Data section:

▶

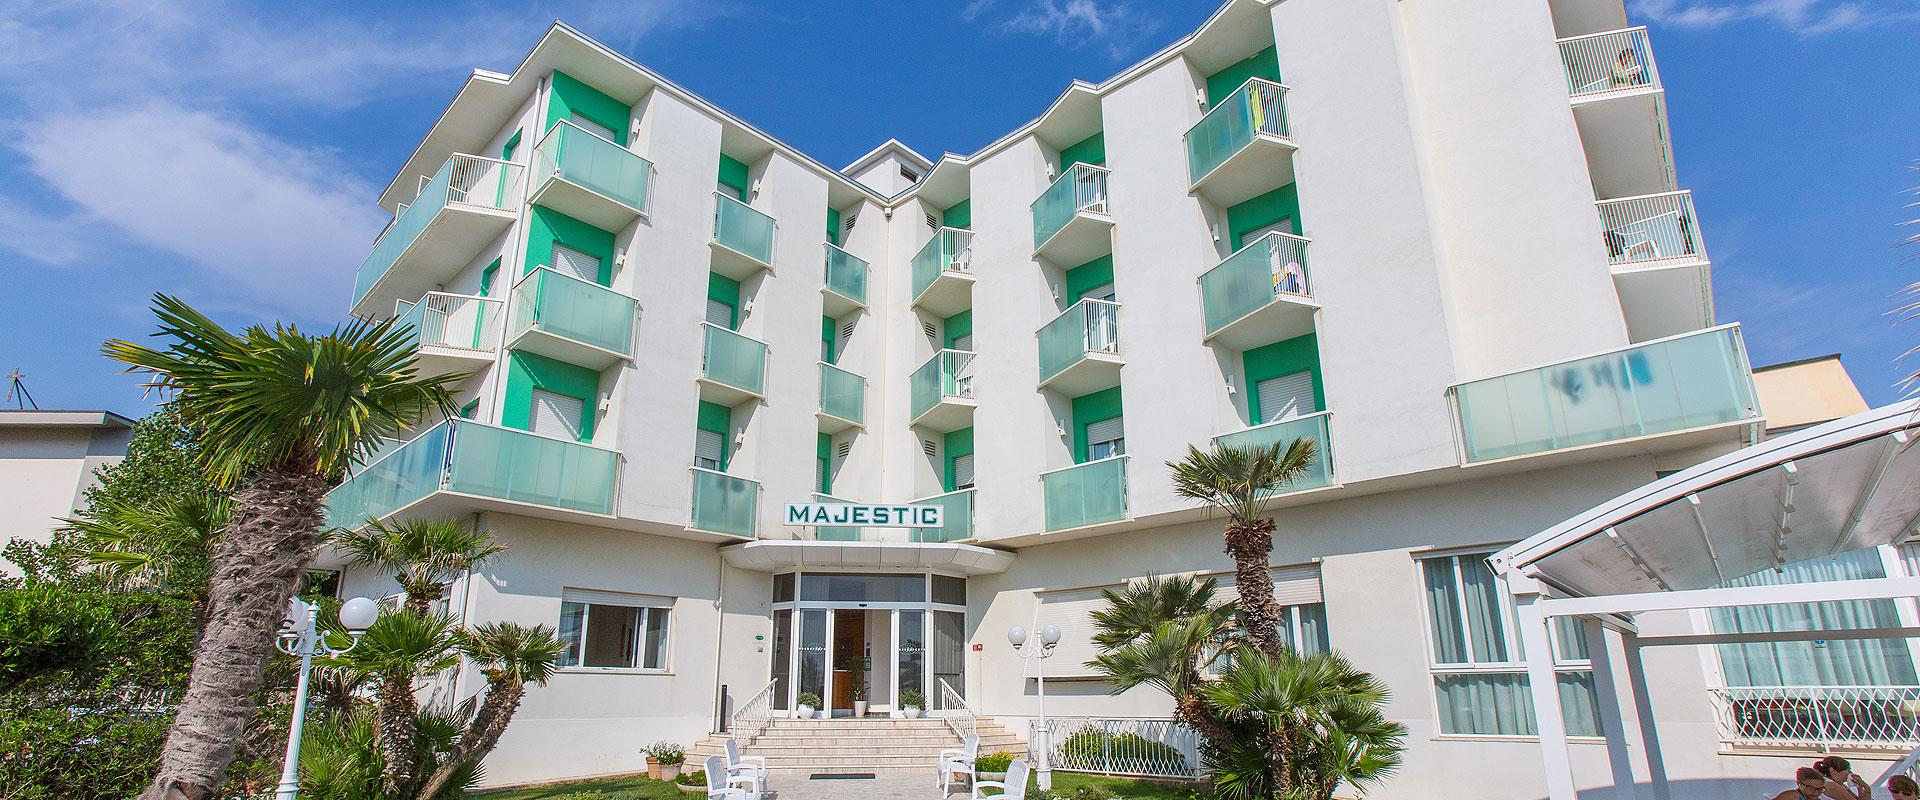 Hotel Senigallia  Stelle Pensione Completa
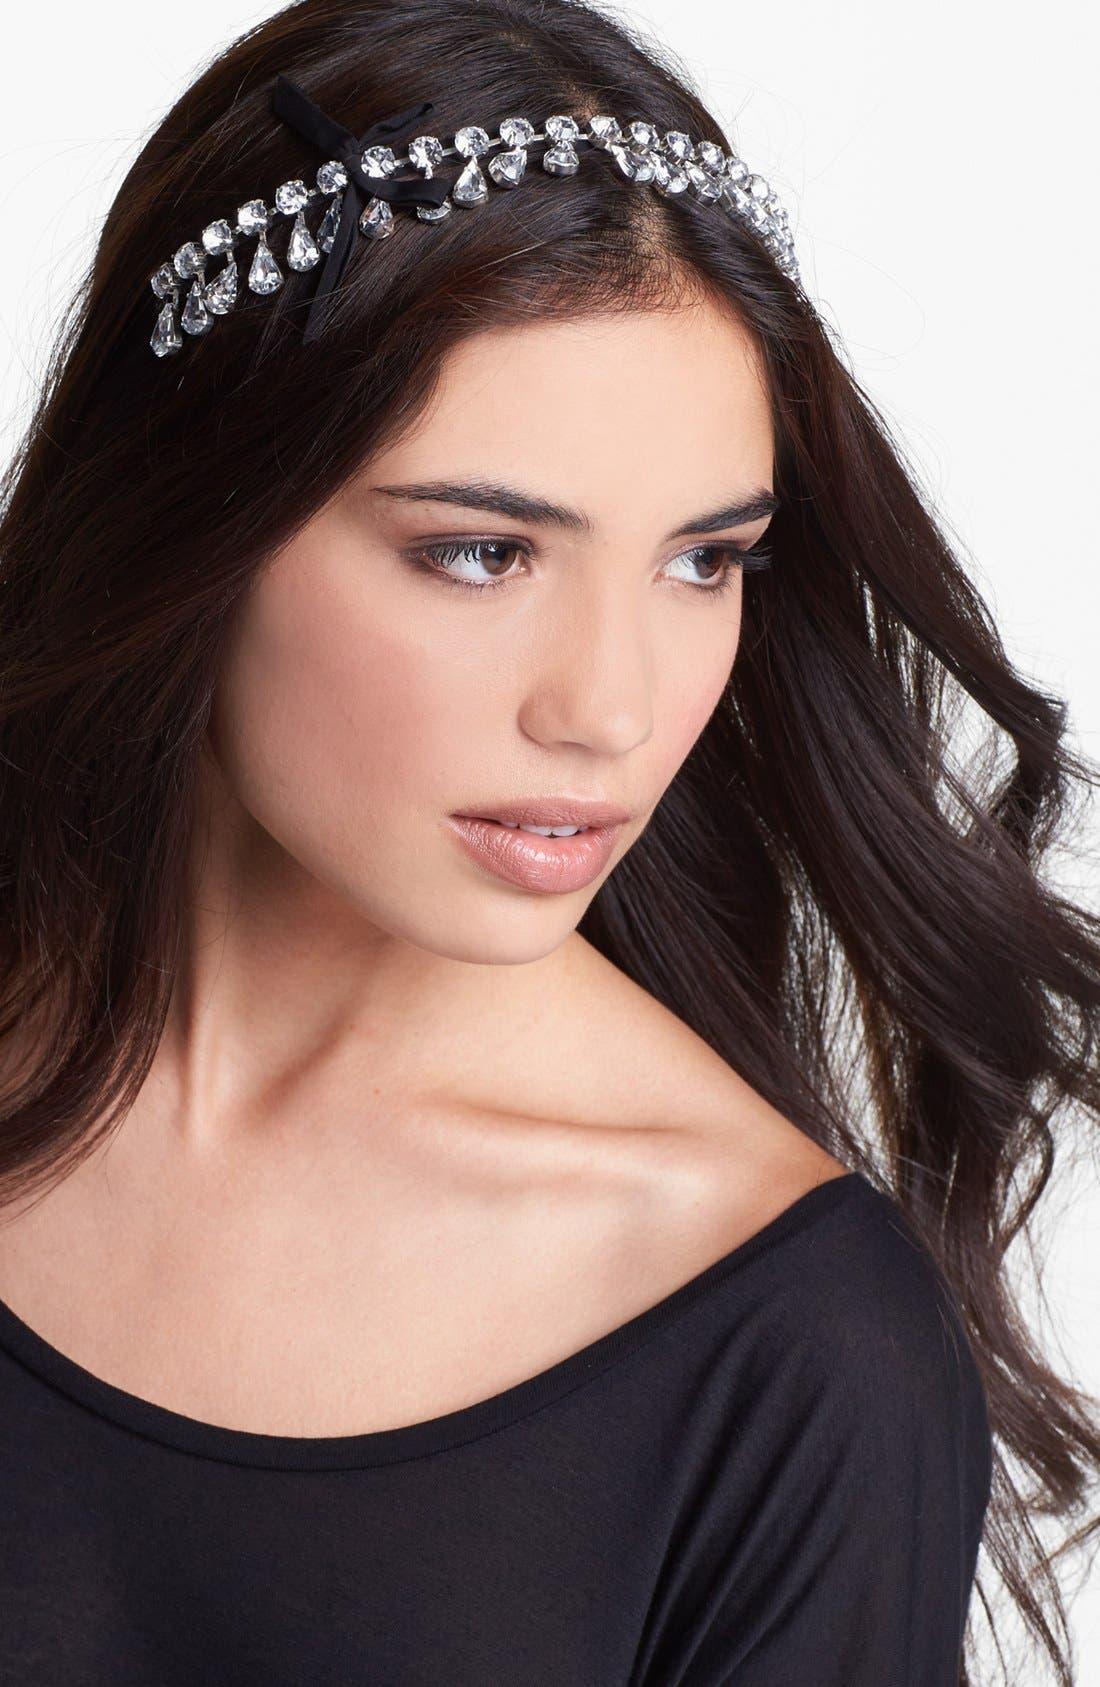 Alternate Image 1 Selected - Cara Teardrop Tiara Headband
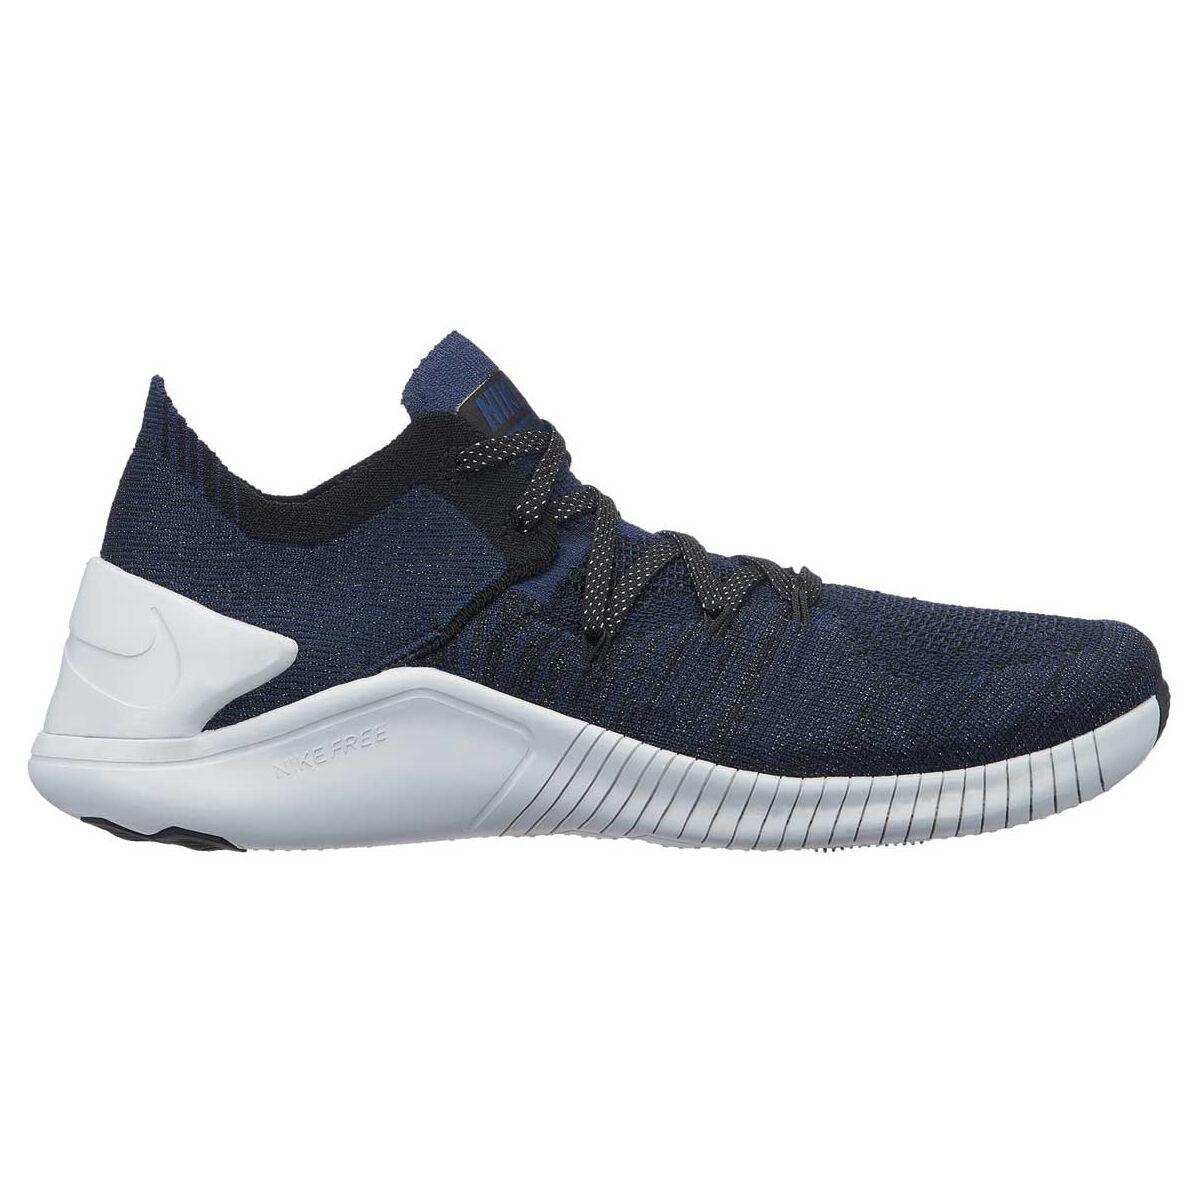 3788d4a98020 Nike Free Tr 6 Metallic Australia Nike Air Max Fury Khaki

◀

What you will do: Every line above must be printed again exactly, pictures excluded.

Worked solution:
 Hotel Senigallia  Stelle Pensione Completa
 Alternate Image 1 Selected - Cara Teardrop Tiara Headband
 3788d4a98020 Nike Free Tr 6 Metallic Australia Nike Air Max Fury Khaki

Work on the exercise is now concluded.